In other words, while there may have been fewer fraud cases reported by Americans during the second quarter of 2020 compared to a year earlier, fraud losses were almost as high.
According to the FTC, the number of identity theft-related cases rose significantly in the second quarter of 2020 on a year-over year basis. There were 349,641 identity theft fraud cases during the April-through-June quarter of 2020, up by more than double’s last year’s second quarter tally of 165,072 ID theft cases.

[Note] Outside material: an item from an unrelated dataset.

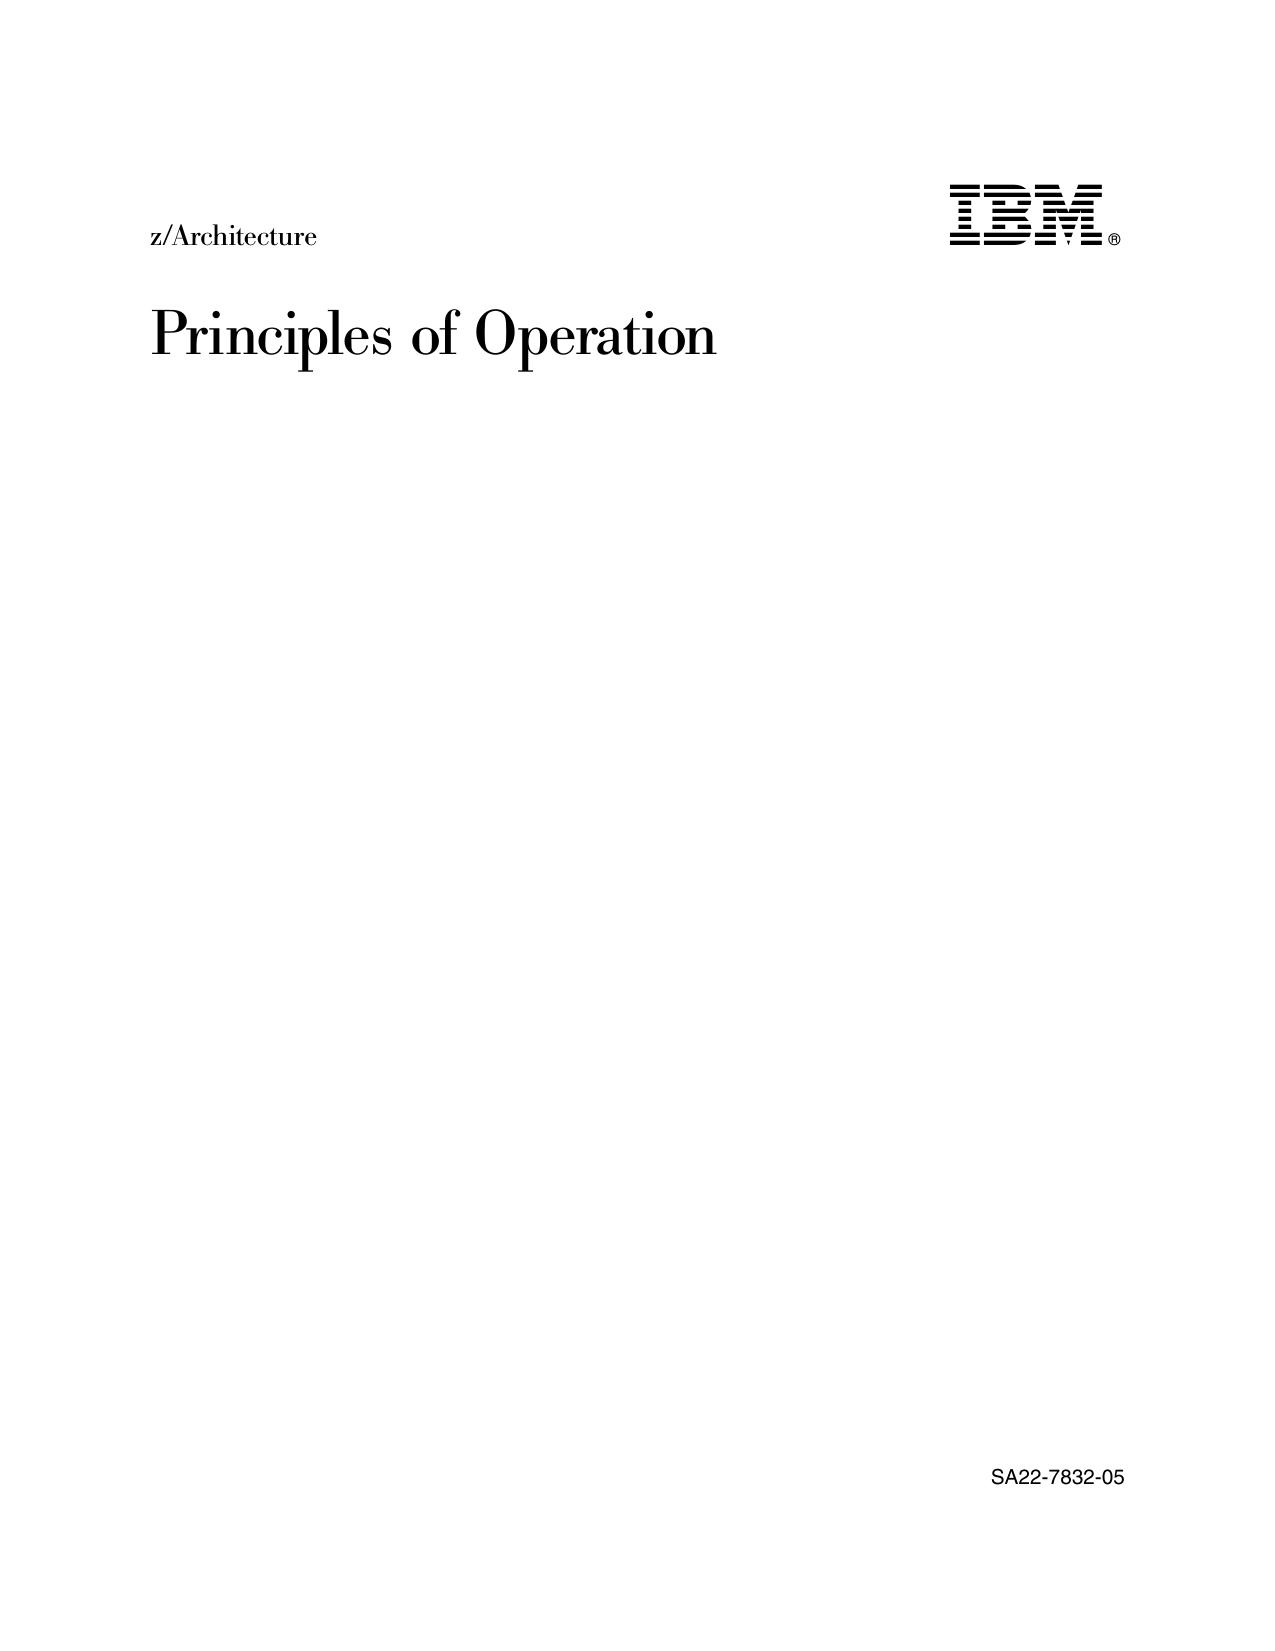 IBM zArchitecture Principles of Operation by IBM Corporation

Overall, the leading fraud type committed with ID theft was credit card fraud. However, since ID thefts are often committed by criminal gangs that operate in a particular geographic territory, the resulting fraud can be very localized. For example, the Seattle-Tacoma-Bellevue, Washington metropolitan region experienced a rash of ID thefts in the second quarter, amounting to 27,973 reports. Of this number, 22,534 were related to government documents and benefits fraud or about 80% of the cases. In fact, the Seattle area accounted for almost one third (29%) of the nation’s ID theft benefits fraud cases in the quarter.

In contrast, ID theft-related credit card fraud barely made the top five most common theft types for the Seattle metro area. For both the New York City-Jersey City, New Jersey region and the Los Angeles-Anaheim-Long Beach, California region, credit card fraud was the top ID theft-related fraud type reported in the quarter.